» **Your objective**
The records below must be transcribed exactly.

» **The data**
* * * * * * *

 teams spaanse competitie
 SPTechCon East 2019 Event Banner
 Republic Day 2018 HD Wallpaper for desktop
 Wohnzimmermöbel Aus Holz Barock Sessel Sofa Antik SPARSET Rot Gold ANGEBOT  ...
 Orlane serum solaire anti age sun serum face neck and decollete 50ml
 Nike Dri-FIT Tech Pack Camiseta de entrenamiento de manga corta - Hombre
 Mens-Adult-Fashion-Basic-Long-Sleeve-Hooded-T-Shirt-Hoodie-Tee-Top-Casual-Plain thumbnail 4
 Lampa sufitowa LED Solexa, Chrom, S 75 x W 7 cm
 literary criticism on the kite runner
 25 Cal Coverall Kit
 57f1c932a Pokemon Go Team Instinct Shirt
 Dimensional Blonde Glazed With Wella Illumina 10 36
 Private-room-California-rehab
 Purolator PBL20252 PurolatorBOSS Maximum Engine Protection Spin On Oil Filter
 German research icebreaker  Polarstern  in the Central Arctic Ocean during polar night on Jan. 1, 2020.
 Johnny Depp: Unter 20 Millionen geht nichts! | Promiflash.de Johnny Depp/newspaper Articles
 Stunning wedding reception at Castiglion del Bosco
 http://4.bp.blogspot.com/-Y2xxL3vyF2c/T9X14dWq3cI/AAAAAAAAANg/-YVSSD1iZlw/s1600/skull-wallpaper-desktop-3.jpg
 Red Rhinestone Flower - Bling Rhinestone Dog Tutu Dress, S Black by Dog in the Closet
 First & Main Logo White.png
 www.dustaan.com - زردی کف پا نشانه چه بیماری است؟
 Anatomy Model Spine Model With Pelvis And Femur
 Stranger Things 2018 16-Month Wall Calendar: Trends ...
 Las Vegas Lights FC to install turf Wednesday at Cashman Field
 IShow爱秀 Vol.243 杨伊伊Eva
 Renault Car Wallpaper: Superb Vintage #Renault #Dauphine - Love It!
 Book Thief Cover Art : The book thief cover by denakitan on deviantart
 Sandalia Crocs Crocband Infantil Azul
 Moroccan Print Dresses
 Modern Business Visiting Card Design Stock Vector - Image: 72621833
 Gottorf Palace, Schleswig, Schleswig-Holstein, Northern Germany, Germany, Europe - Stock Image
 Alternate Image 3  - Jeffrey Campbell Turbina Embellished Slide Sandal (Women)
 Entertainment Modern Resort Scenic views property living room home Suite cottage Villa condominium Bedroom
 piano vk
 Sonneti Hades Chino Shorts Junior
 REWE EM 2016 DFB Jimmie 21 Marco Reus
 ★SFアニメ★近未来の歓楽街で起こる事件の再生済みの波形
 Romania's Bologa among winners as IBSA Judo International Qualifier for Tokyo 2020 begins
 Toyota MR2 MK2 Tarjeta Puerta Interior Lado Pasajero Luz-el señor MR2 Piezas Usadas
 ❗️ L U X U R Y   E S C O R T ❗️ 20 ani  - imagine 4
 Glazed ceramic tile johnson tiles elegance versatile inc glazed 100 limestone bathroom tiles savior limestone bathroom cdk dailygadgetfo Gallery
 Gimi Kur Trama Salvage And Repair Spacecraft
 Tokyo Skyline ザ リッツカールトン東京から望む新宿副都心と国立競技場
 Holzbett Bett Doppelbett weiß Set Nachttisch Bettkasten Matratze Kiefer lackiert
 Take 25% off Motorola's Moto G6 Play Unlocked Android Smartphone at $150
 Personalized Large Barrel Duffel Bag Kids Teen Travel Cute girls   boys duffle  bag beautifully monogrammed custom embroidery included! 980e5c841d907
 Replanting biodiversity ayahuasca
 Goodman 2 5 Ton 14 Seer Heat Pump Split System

* * * * * * *

» **Response box**
 teams spaanse competitie
 SPTechCon East 2019 Event Banner
 Republic Day 2018 HD Wallpaper for desktop
 Wohnzimmermöbel Aus Holz Barock Sessel Sofa Antik SPARSET Rot Gold ANGEBOT  ...
 Orlane serum solaire anti age sun serum face neck and decollete 50ml
 Nike Dri-FIT Tech Pack Camiseta de entrenamiento de manga corta - Hombre
 Mens-Adult-Fashion-Basic-Long-Sleeve-Hooded-T-Shirt-Hoodie-Tee-Top-Casual-Plain thumbnail 4
 Lampa sufitowa LED Solexa, Chrom, S 75 x W 7 cm
 literary criticism on the kite runner
 25 Cal Coverall Kit
 57f1c932a Pokemon Go Team Instinct Shirt
 Dimensional Blonde Glazed With Wella Illumina 10 36
 Private-room-California-rehab
 Purolator PBL20252 PurolatorBOSS Maximum Engine Protection Spin On Oil Filter
 German research icebreaker  Polarstern  in the Central Arctic Ocean during polar night on Jan. 1, 2020.
 Johnny Depp: Unter 20 Millionen geht nichts! | Promiflash.de Johnny Depp/newspaper Articles
 Stunning wedding reception at Castiglion del Bosco
 http://4.bp.blogspot.com/-Y2xxL3vyF2c/T9X14dWq3cI/AAAAAAAAANg/-YVSSD1iZlw/s1600/skull-wallpaper-desktop-3.jpg
 Red Rhinestone Flower - Bling Rhinestone Dog Tutu Dress, S Black by Dog in the Closet
 First & Main Logo White.png
 www.dustaan.com - زردی کف پا نشانه چه بیماری است؟
 Anatomy Model Spine Model With Pelvis And Femur
 Stranger Things 2018 16-Month Wall Calendar: Trends ...
 Las Vegas Lights FC to install turf Wednesday at Cashman Field
 IShow爱秀 Vol.243 杨伊伊Eva
 Renault Car Wallpaper: Superb Vintage #Renault #Dauphine - Love It!
 Book Thief Cover Art : The book thief cover by denakitan on deviantart
 Sandalia Crocs Crocband Infantil Azul
 Moroccan Print Dresses
 Modern Business Visiting Card Design Stock Vector - Image: 72621833
 Gottorf Palace, Schleswig, Schleswig-Holstein, Northern Germany, Germany, Europe - Stock Image
 Alternate Image 3  - Jeffrey Campbell Turbina Embellished Slide Sandal (Women)
 Entertainment Modern Resort Scenic views property living room home Suite cottage Villa condominium Bedroom
 piano vk
 Sonneti Hades Chino Shorts Junior
 REWE EM 2016 DFB Jimmie 21 Marco Reus
 ★SFアニメ★近未来の歓楽街で起こる事件の再生済みの波形
 Romania's Bologa among winners as IBSA Judo International Qualifier for Tokyo 2020 begins
 Toyota MR2 MK2 Tarjeta Puerta Interior Lado Pasajero Luz-el señor MR2 Piezas Usadas
 ❗️ L U X U R Y   E S C O R T ❗️ 20 ani  - imagine 4
 Glazed ceramic tile johnson tiles elegance versatile inc glazed 100 limestone bathroom tiles savior limestone bathroom cdk dailygadgetfo Gallery
 Gimi Kur Trama Salvage And Repair Spacecraft
 Tokyo Skyline ザ リッツカールトン東京から望む新宿副都心と国立競技場
 Holzbett Bett Doppelbett weiß Set Nachttisch Bettkasten Matratze Kiefer lackiert
 Take 25% off Motorola's Moto G6 Play Unlocked Android Smartphone at $150
 Personalized Large Barrel Duffel Bag Kids Teen Travel Cute girls   boys duffle  bag beautifully monogrammed custom embroidery included! 980e5c841d907
 Replanting biodiversity ayahuasca
 Goodman 2 5 Ton 14 Seer Heat Pump Split System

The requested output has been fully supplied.